ISMP 2024

1 — 08:30 — Riemannian trust-region methods for strict saddle functions with complexity guarantees

Florentin Goyens, University Paris Dauphine Psl
Clément Royer, Université Paris Dauphine Psl

The difficulty of minimizing a nonconvex function is in part explained by the presence of saddle points, which slows down the algorithm. This also directly impacts the worst-case complexity guarantees. However, a number of nonconvex problems of
interest possess a favorable structure for optimization, in the sense that saddle points can be escaped efficiently by an appropriate algorithm. This so-called strict saddle property has been extensively
used in data science to derive good properties for first-order algorithms, such as convergence to
second-order critical points. However, the analysis and the design of second-order algorithms in the strict
saddle setting have received significantly less attention.

We consider second-order trust-region methods for a class of strict saddle functions
defined on Riemannian manifolds. These functions exhibit (geodesic) strong convexity around minimizers
and negative curvature at saddle points. We show that the standard trust-region method with exact
subproblem minimization finds an approximate local minimizer in a number of iterations that depends
logarithmically on the accuracy parameter, which significantly improves known results for general
nonconvex optimization. We also propose an inexact variant of the algorithm that explicitly leverages the
strict saddle property to compute the most appropriate step at every iteration. Our bounds for the inexact
variant also improve over the general nonconvex case, and illustrate the benefit of using strict saddle
properties within optimization algorithms.

Keywords: Riemannian optimization, strict saddle function, second-order method, complexity guarantees.

2 — 09:00 — A stochastic Hessian-free trust-region method for statistical learning

Jeremy Rieussec, University of Montreal
Fabian Bastin, Université De Montréal
Jean Laprès Chartrand, Université De Montréal

We investigate an adaptive Hessian-free trust-region method for statistical learning. A sampling strategy based on dependant random variables is designed to reduce the sample size at each iteration as much as possible while conserving, in this stochastic setting, the trust-region convergence properties to first-order, and potentially second-order, critical points which are well established for the deterministic case.

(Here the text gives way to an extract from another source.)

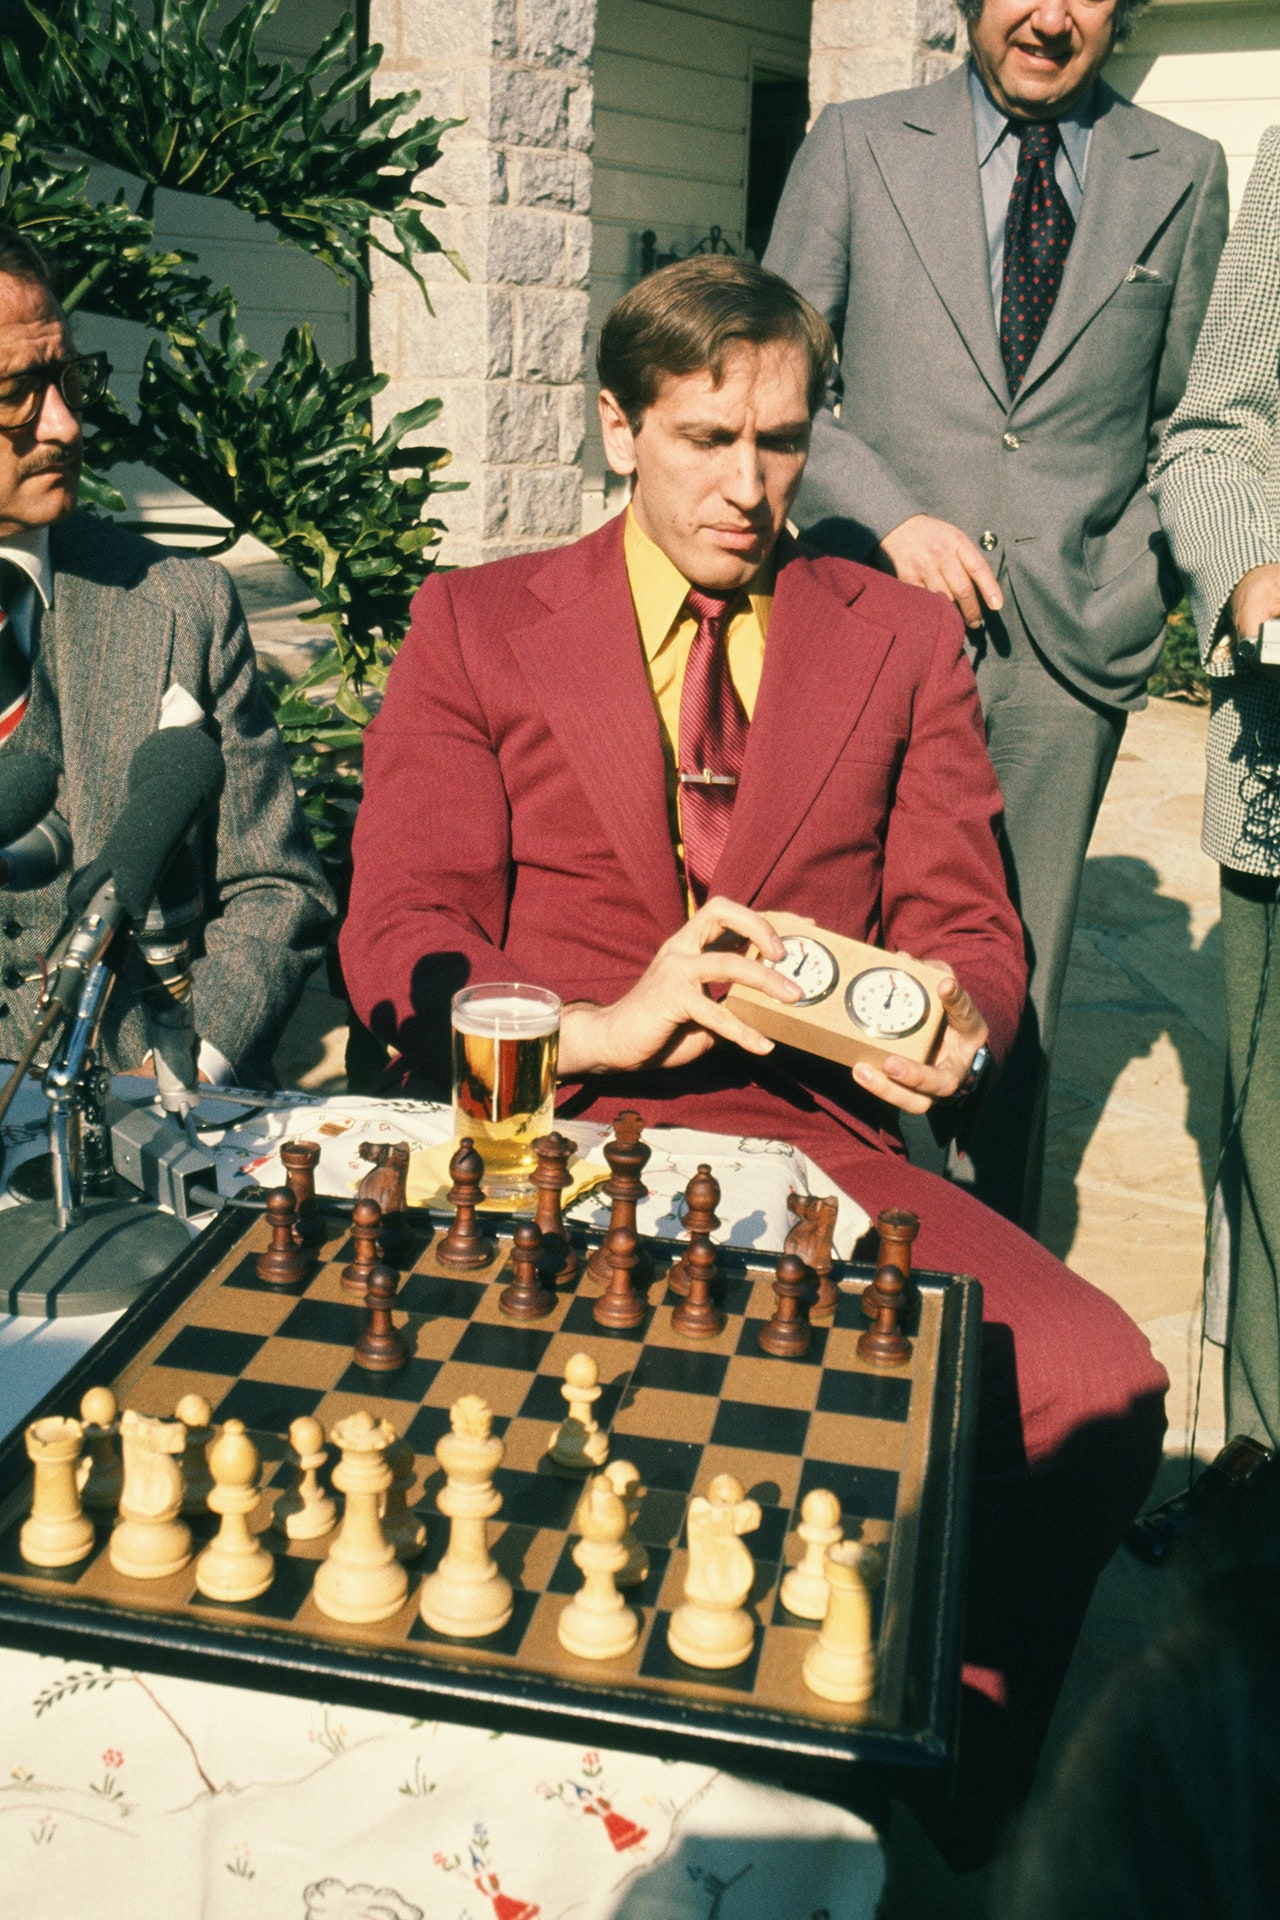 The Queen's Gambit: meet the real Beth Harmon Bobby Fischer

Taking advantage of the outer product Hessian approximation with truncated conjugate gradient, this technique is applicable in maximum likelihood estimation as well as in non-linear least squares regression. We illustrate the potential gains in computation time and memory consumption on various numerical experiments.

3 — 09:30 — Implementation and experiments of an augmented Lagrangian method with first-order information

Ernesto Birgin, University of São Paulo

Algencan is a safeguarded augmented Lagrangian method for minimization with general nonlinear constraints. At each iteration, a bound-constrained subproblem is solved approximately. The approach used for the minimization with bound constraints is an active set strategy. A projected spectral gradient step is used to leave the faces. To minimize inside the faces, essentially any unconstrained minimization method can be used. Currently, taking advantage of the modular structure of augmented Lagrangian methods, we are revisiting first-order matrix-free methods for the minimization inside the faces. The current implementation of Algencan, when second-order information is not available, uses inside the faces truncated Newton directions in which the Newtonian system is solved with conjugate gradients. Inspired by recent work, we analyzed the possibility of using MINRES. Driven by a relatively recent comparison of solvers for bound-constrained minimization, we also considered the possibility of using nonlinear conjugate gradients. The work is in progress and in this talk we show the numerical results we have obtained so far.

4 — 10:00 — Spectral Stochastic Gradient Method with Additional Sampling

Ilaria Trombini, Università Degli Studi Di Ferrara
Valeria Ruggiero, Università Degli Studi Di Ferrara
Natasa Krejic, University of Novi Sad

In this talk, we propose a new stochastic gradient method for numerical minimization of finite sums. We also propose a modified version of this method applicable on more general problems referred to as infinite sum problems, where the objective function is in the form of mathematical expectation. The method is based on a strategy to exploit the effectiveness of the well-known Barzilai-Borwein (BB) rules [1] or variants of these (BB-like rules) for updating the step length in the standard gradient method. Very effective improvements with respect to the standard BB rules have been obtained using the Adaptive Barzilai-Borwein (ABB) strategy [2] and its modification ABBmin [3]. Starting from these observations and following the approaches developed in Algorithms LSOS [4] and SLiSeS [5], the proposed method adapts the aforementioned strategy into the stochastic framework by exploiting the same SAA estimator of the objective function for several iterations. Furthermore, the sample size is controlled by an additional sampling which also plays a role in accepting the proposed iterate point. Moreover, the number of "inner" iterations with the same sample is also controlled by an adaptive rule which prevents the method from getting stacked with the same estimator for too long. The method is described and analyzed first for the minimization of the finite sum case, giving rise to the scheme named LSNM-BB; then, it is generalized to the more general case, leading to the version named LSNM-BB-G. Convergence results are discussed for the finite and infinite sum version, for general and strongly convex objective functions. Numerical experiments on well-known datasets for binary classifications show very promising performance of the method, without the need to provide special values for hyperparameters on which the method depends. We tested on the datasets w8a, IJCNN, RCV1 and MNIST for the finite sum problem and we simulate the infinite sum problem with the dataset CIFAR10.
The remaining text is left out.